In this homework, you can pick one of the two sections (Automated Fact-checking or Relatio) to get the full completion point.

# Automated Fact-checking
In the notebook, we see one off-the-shelf fact-check model based on RoBERTa.
However, that setting is more like textual entailment. Real-world Fact-checking pipeline requires an extra module: evidence retrieval.

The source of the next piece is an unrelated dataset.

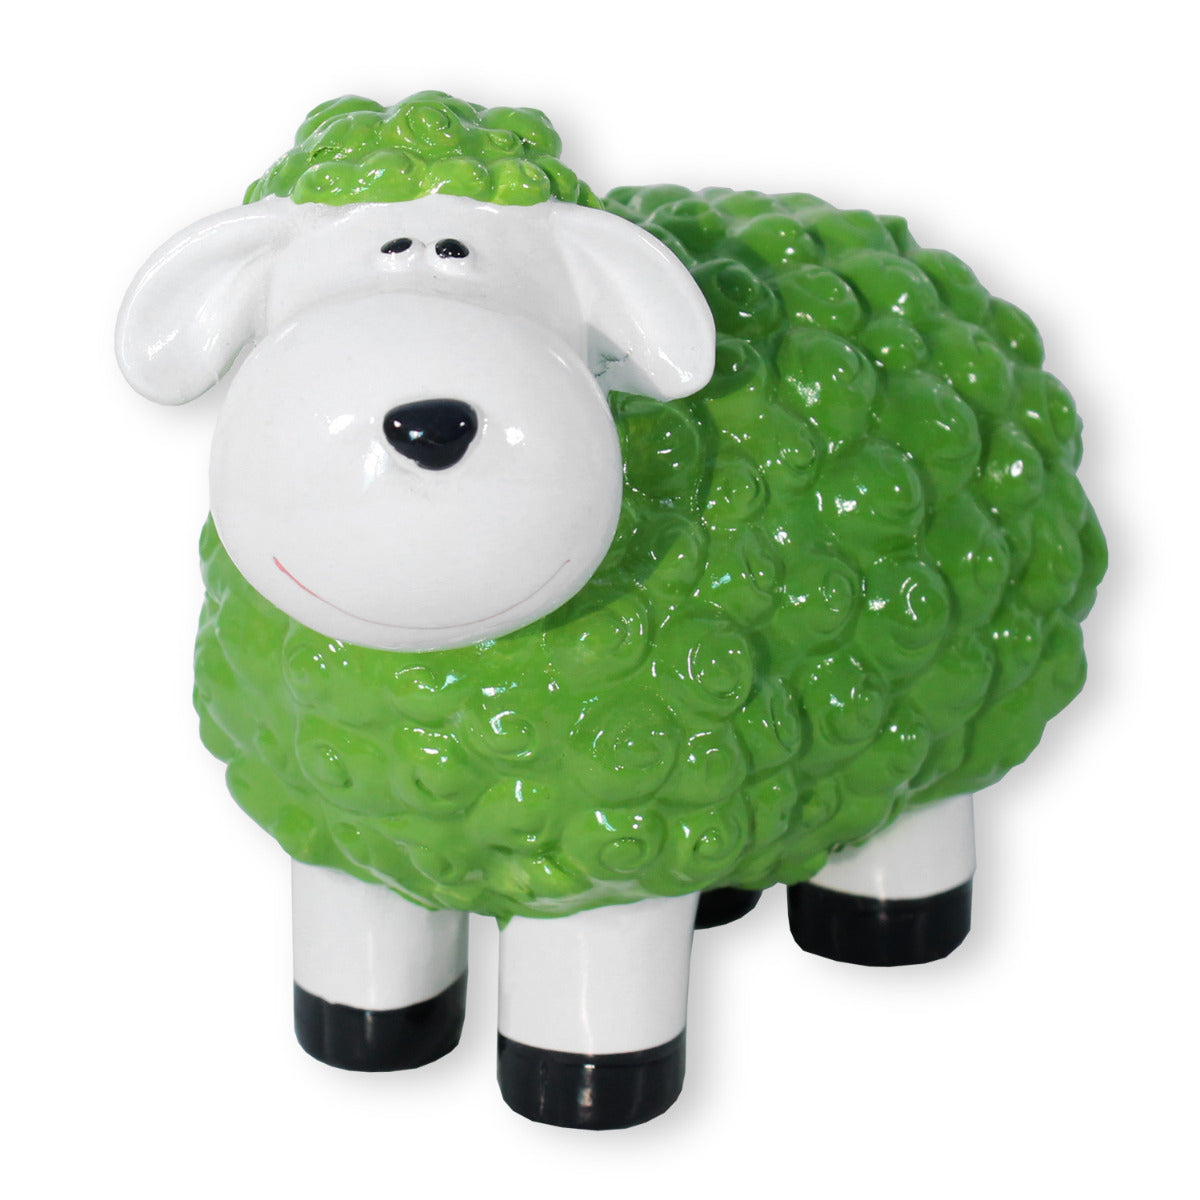 Buntes Deko Schaf grün Gartenfigur Schaf Dekofigur Schaf lustige Schafe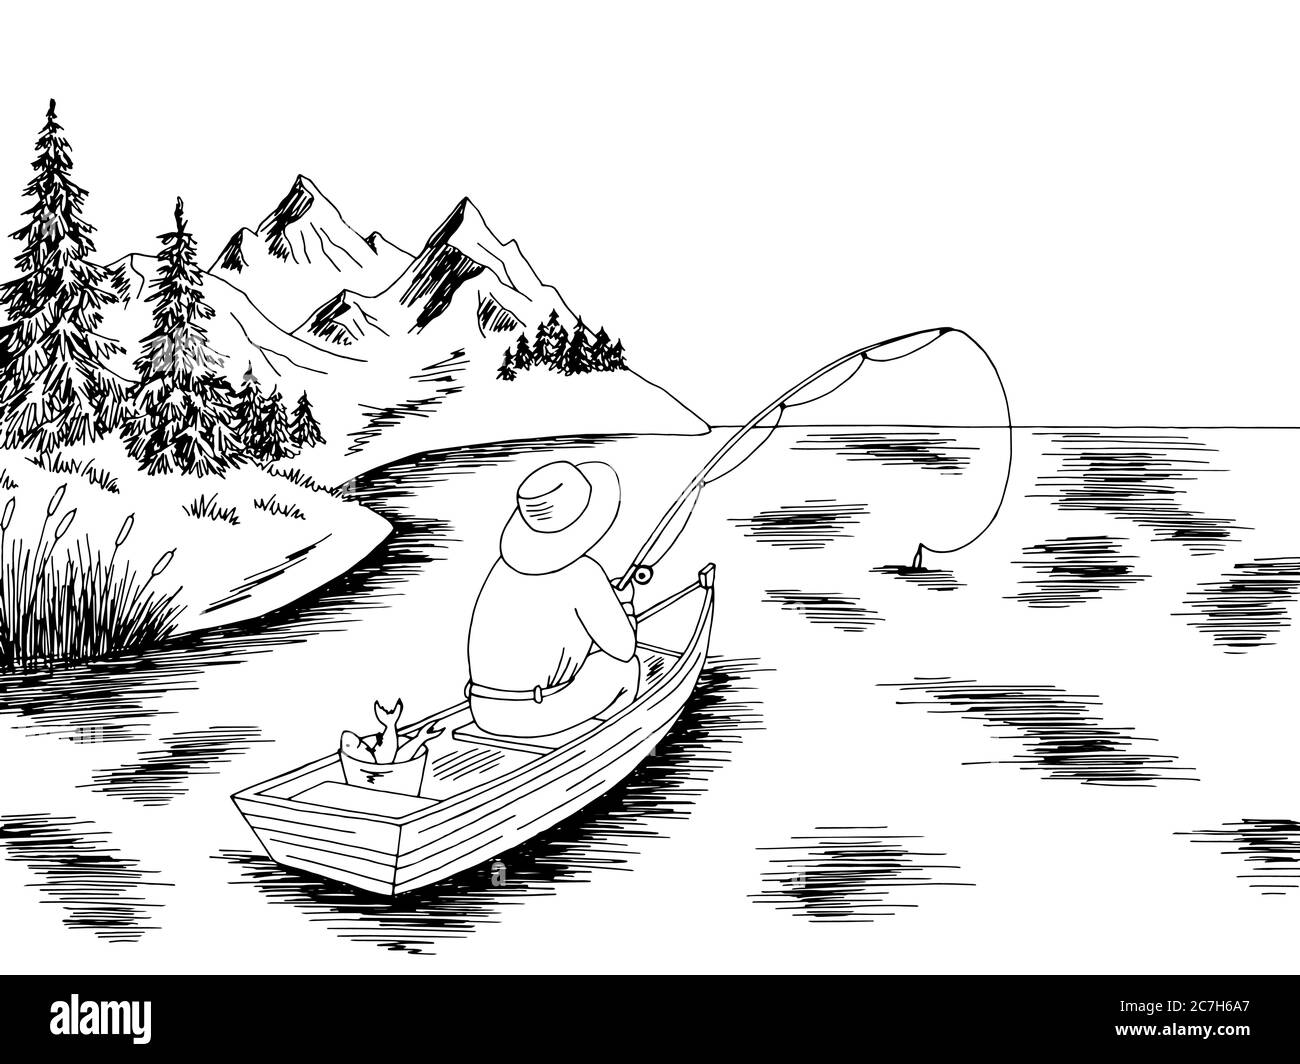 Como dibujar un bote de pesca fotografías e imágenes de alta resolución -  Alamy

In this homework, we will add an evidence retrieval model based on <b>sentence-bert</b> to the RoBERTa Fact-checker.

Note: SBERT was introduced in Notebook 6 (06_transformers.ipynb).

In [1]:
!wget https://scifact.s3-us-west-2.amazonaws.com/release/latest/data.tar.gz
!tar -xzf data.tar.gz

--2023-05-25 06:40:06--  https://scifact.s3-us-west-2.amazonaws.com/release/latest/data.tar.gz
Resolving scifact.s3-us-west-2.amazonaws.com (scifact.s3-us-west-2.amazonaws.com)... 3.5.84.112, 3.5.77.189, 3.5.83.150, ...
Connecting to scifact.s3-us-west-2.amazonaws.com (scifact.s3-us-west-2.amazonaws.com)|3.5.84.112|:443... connected.
HTTP request sent, awaiting response... 200 OK
Length: 3115079 (3.0M) [application/x-tar]
Saving to: ‘data.tar.gz’


2023-05-25 06:40:07 (3.59 MB/s) - ‘data.tar.gz’ saved [3115079/3115079]



In [2]:
import json

claim_file = 'data/claims_dev.jsonl'
corpus_file = 'data/corpus.jsonl'

corpus = {}
with open(corpus_file) as f:
    for line in f:
        abstract = json.loads(line)
        corpus[str(abstract["doc_id"])] = abstract
        
claims = []
with open(claim_file) as f:
    for line in f:
        claim = json.loads(line)
        claims.append(claim)

print(claims[1])
print(corpus['14717500'])

print("Number of Corpus: ", len(corpus))

{'id': 3, 'claim': '1,000 genomes project enables mapping of genetic sequence variation consisting of rare variants with larger penetrance effects than common variants.', 'evidence': {'14717500': [{'sentences': [2, 5], 'label': 'SUPPORT'}, {'sentences': [7], 'label': 'SUPPORT'}]}, 'cited_doc_ids': [14717500]}
{'doc_id': 14717500, 'title': 'Rare Variants Create Synthetic Genome-Wide Associations', 'abstract': ['Genome-wide association studies (GWAS) have now identified at least 2,000 common variants that appear associated with common diseases or related traits (http://www.genome.gov/gwastudies), hundreds of which have been convincingly replicated.', 'It is generally thought that the associated markers reflect the effect of a nearby common (minor allele frequency >0.05) causal site, which is associated with the marker, leading to extensive resequencing efforts to find causal sites.', 'We propose as an alternative explanation that variants much less common than the associated one may crea

In [3]:
!pip install sentence_transformers
from sentence_transformers import SentenceTransformer
import numpy as np
from tqdm import tqdm


def cosine_similarity(a, b):
    dot_product = np.dot(a, b)
    norm_a = np.linalg.norm(a)
    norm_b = np.linalg.norm(b)
    return dot_product / (norm_a * norm_b)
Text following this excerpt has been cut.